Is football worth surrendering genetic privacy for generations?

The NCAA mandated testing 170,000 athletes for the sickle cell trait because of a lawsuit following the death of a freshman in 2006. See the Washington Post article: Sickle cell testing of athletes stirs discrimination fears

The NCAA apparently did not consider the effect of testing on students’ future employment, even though carrying the sickle cell trait has long been a cause of discrimination.

Better training and monitoring of athletes could help prevent the deaths of athletes with other health problems besides the sickle cell trait, and prevent exposing athletes’ entire families to discrimination.

Quotes:

  • for decades blacks were stigmatized by sickle cell because they carried it far more commonly than whites, marking them as supposedly genetically inferior, barring them from jobs, the military, insurance and even discouraging them from marrying and having children.
  • Since 2000, as many as 10 Division I college football players who had the trait without knowing it have died suddenly following workouts.
  • “What doesn’t exist is scientific data to support the screening,” said Elliott Vichinsky, director of hematology-oncology at Children’s Hospital in Oakland and director of the Northern California Sickle Cell Center. “There are a lot of other people at risk for heat-related illness from exertion.”
  • The best solution, they argue, would be better monitoring, training and care for all athletes – a strategy that worked for the military.
  • “If you want to protect people, there’s an easy way to do that: change the training protocol for everyone,” said Lanetta Jordan, the Sickle Cell Disease Association of America’s chief medical officer.

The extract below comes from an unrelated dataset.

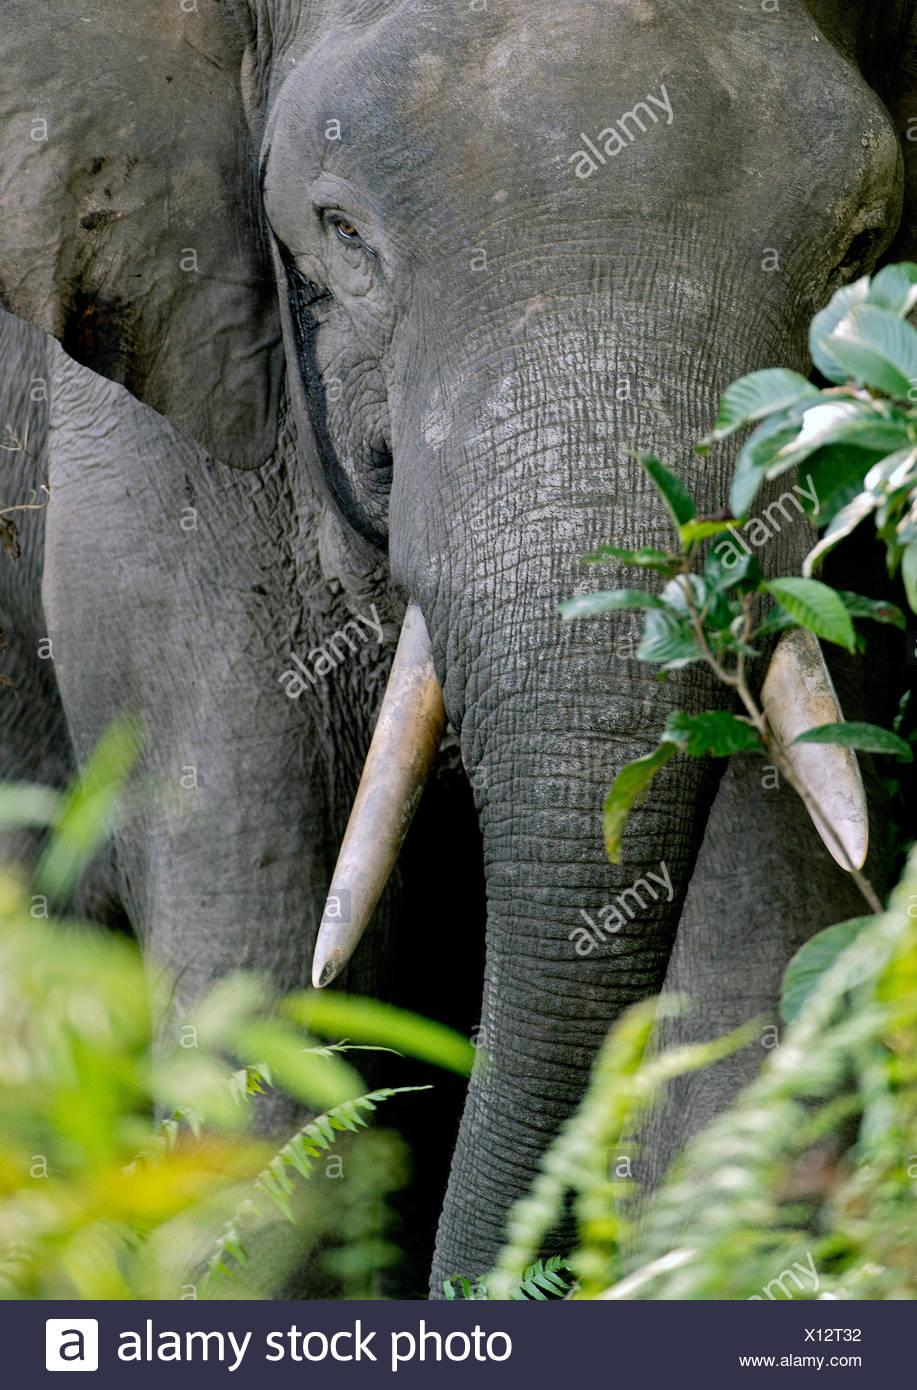 Bornes Dwarf Elephant (Elephas maximus borneensis), portrait, Malaysia, Borneo, Sabah, Kinabatangan River - Stock Image
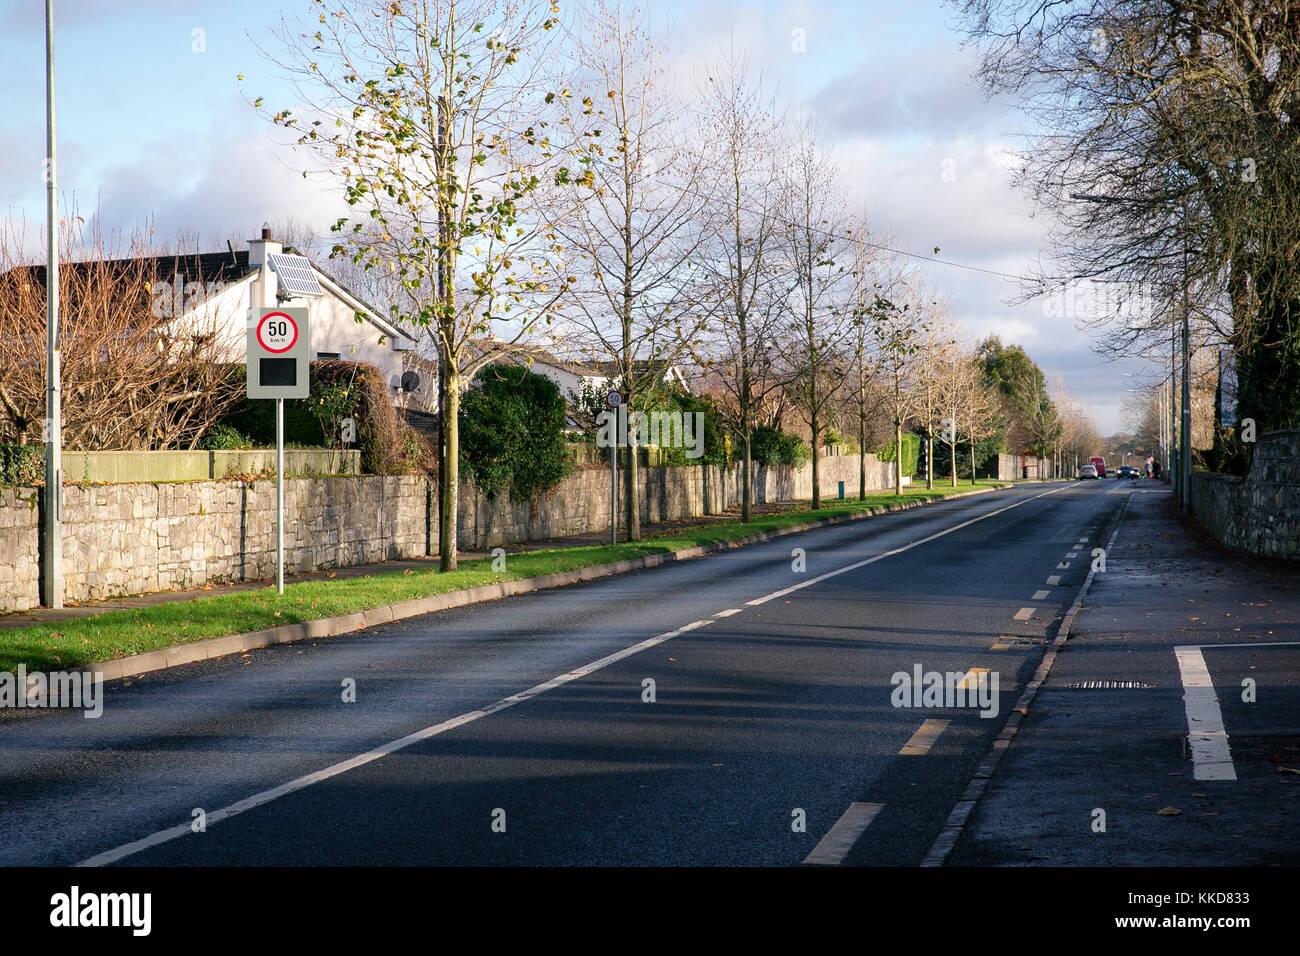 Quiet afternoon on the roads in Celbridge, Co. Kildare, Ireland - Stock Image

Genetic Privacy Debate hits Major League Baseball

The story highlights the use of DNA testing by ‘employers’–Major League Baseball franchises. Baseball tests to verify the ages and identities of players from Latin America, but the test samples can also be used to detect familial genetic dieseases such as ALS (which Lou Gehrig had).

• “DNA contains a host of information about risks for future diseases that prospective employers might be interested in discovering and considering,” said Kathy Hudson, the director of the Genetics and Public Policy Center and an associate professor at Johns Hopkins University. “The point of GINA was to remove the temptation and prohibit employers from asking or receiving genetic information.”

The big problem is that the Genetic Information Non-Discrimination Act (GINA) does not stop employers or insurers from receiving or using genetic information. It isn’t enforceable.

Baseball players are not the only ones whose DNA and genetic tests can be used against them–the same thing can happen to all of us.

According to GINA, employers and insurers can’t use genetic tests to discriminate against employees or enrollees in health plans, but there is no way to tell whether they do or not. Employers and insurers do not have to inform us if they have copies of our genetic or DNA records.

• Do you think an employer is going to tell you were passed over for a promotion based on your DNA?

GINA is toothless–it forbids bad behavior but there is no way to enforce it.

And Americans’ genetic privacy is not protected by HIPAA. HIPAA makes it impossible for any of us to prevent OUR sensitive health information from being used by millions of ‘covered entities’ and ‘business associates’ for purposes we would never agree with–including using genetic tests to discriminate againts us.

Face Book users control who sees the personal information they post on their walls, but Americans can’t control who sees their electronic health information. What’s wrong with this picture?

The rules for spending $19 Billion on health IT are being written now. Now is the time we must press to restore control over OUR personal health data.